Visas for Students

by | Mar 8, 2017 | Immigrants | 0 comments

Visas for Students

If you are interested in becoming a full-time student in the United States, you will need to acquire either an M-1 Student Visa or an F-1 Student Visa. To acquire temporary legalization with a student visa you must meet the following criteria:

  • You must be enrolled in an educational program, a vocational program or a language-training program.
  • Your academic institution must be approved by the USCIS.
  • You must be enrolled as a student (full-time) at the academic institution.
  • You must be proficient in the English language or be enrolled in classes leading to fluency
  • You must have enough money to support yourself during the course of study
  • You must maintain a home abroad to show that you have no intention of staying.

The F-1 Student Visa enables you to enter America as a full-time student at an accredited university, college, academic high school, elementary school or language training program. You must be enrolled in a course of study that culminates in a degree or certificate. Your school must also be authorized by the United States Federal Government to accept international students.

The M-1 Student Visa is for vocational students or students of non-academic programs (other than language courses).

Citizenship and the Military:

Members and certain veterans of the United States armed forces may be eligible for citizenship through their military service.

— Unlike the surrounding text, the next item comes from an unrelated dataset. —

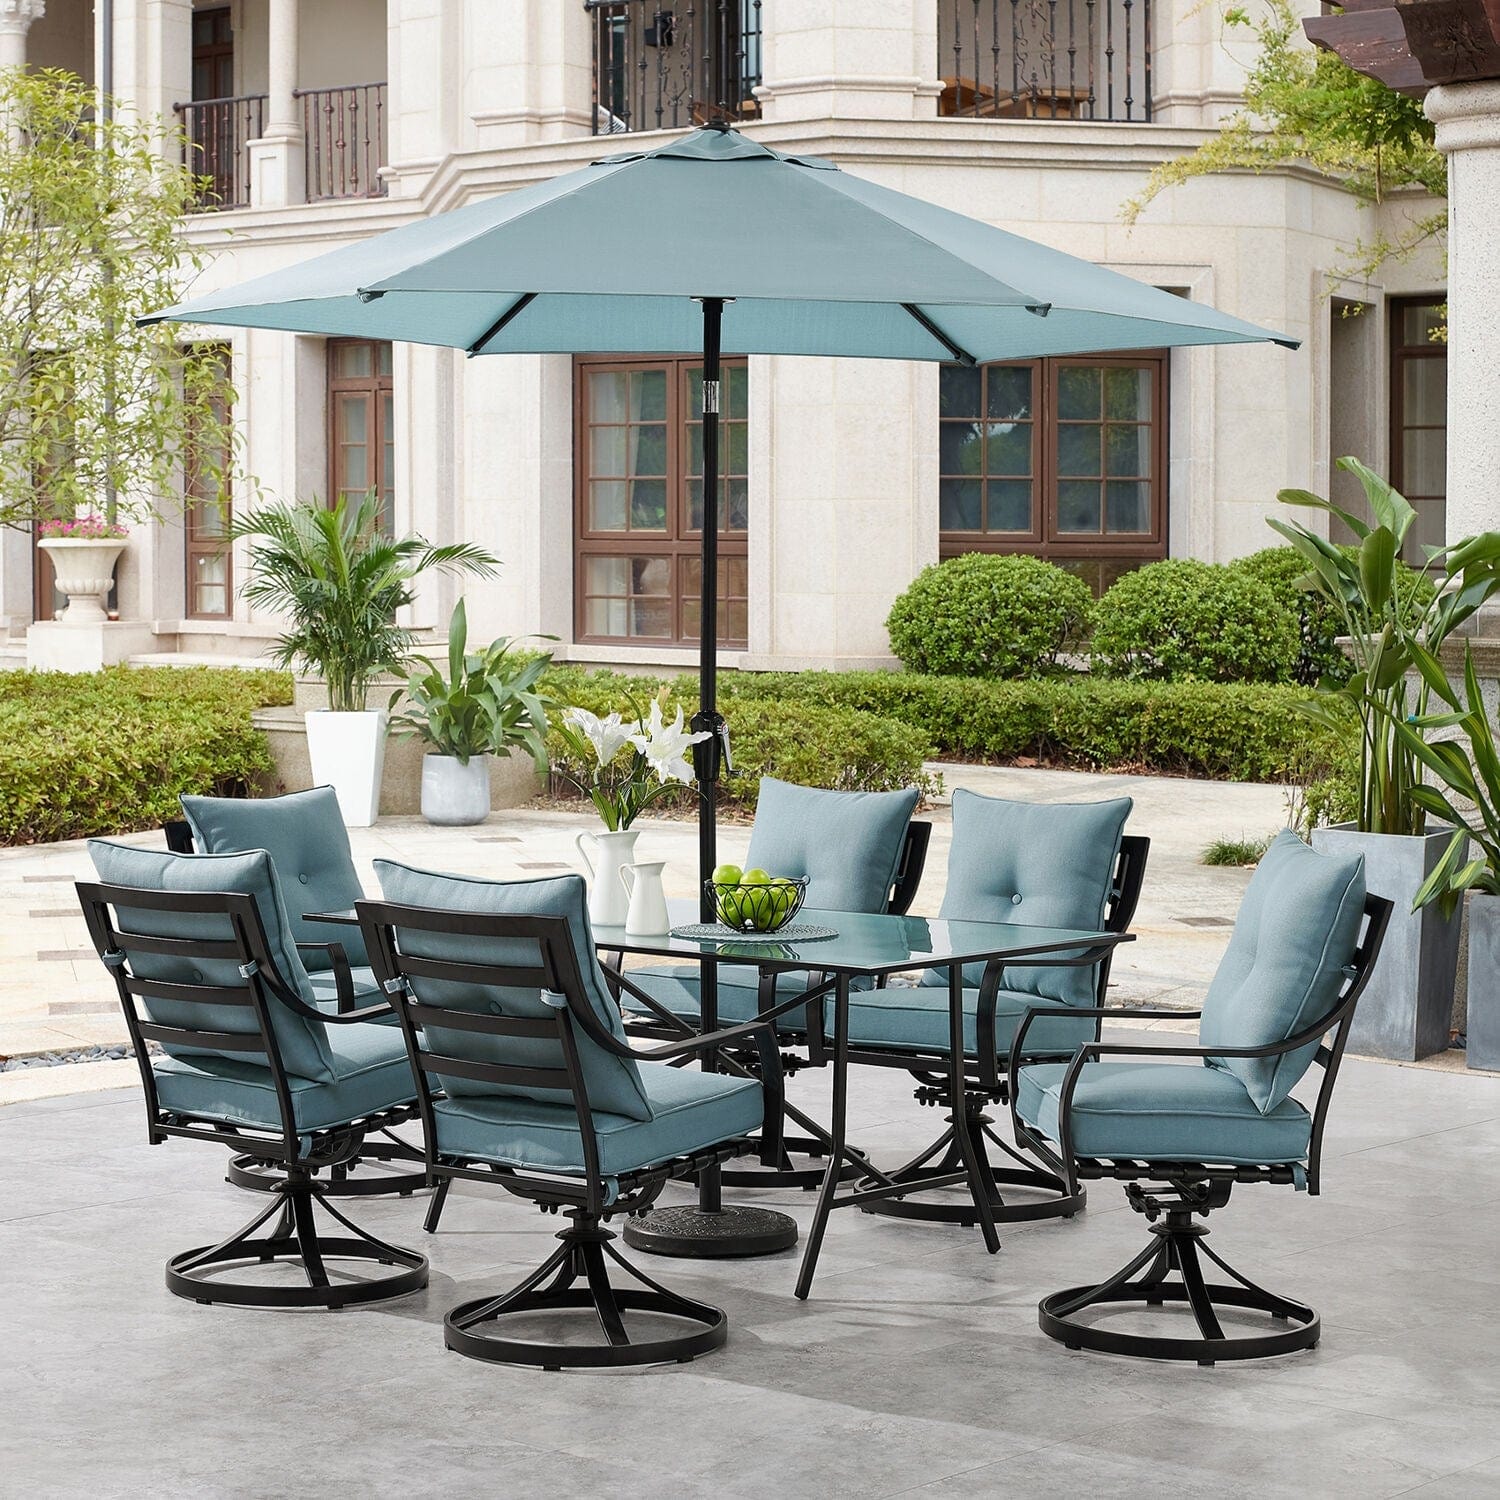 Hanover Outdoor Dining Set Hanover Lavallette 7-Piece Dining Set in Ocean Blue with 6 Swivel Rockers, 66" x 38" Glass-Top Table, Umbrella, and Base - LAVDN7PCSW-BLU-SU

Qualifying military service refers to participation in the United States Army, Air Force, Navy, Marine Corps, Coast Guard and certain branches of the National Guard.

Those who honorably serve in the United States Armed Services (at any time), will be deemed eligible to apply for citizenship; however, the applicant must satisfy the following requirements:

  • Be at least 18 years of age
  • Be able to read, write and speak basic English
  • Maintain permanent residency at the time of the application
  • Possess strong moral character
  • Have a knowledge of U.S history and government
  • Have resided in the United States, continuously, for at least five years and have been physically present in the country for at least 30 months out of the 5 years preceding the application.
  • Spouses and children of military members are also deemed eligible to apply for citizenship assuming they pass the following criteria:
  • Be at least 18 years of age
  • Establish that his or her spouse or parent is deployed abroad as an active service member
  • Be present in the United States pursuant to admission for permanent residence or at the time of naturalization
  • Be able to read, write and speak English
  • Have a basic knowledge of United States’ government and history.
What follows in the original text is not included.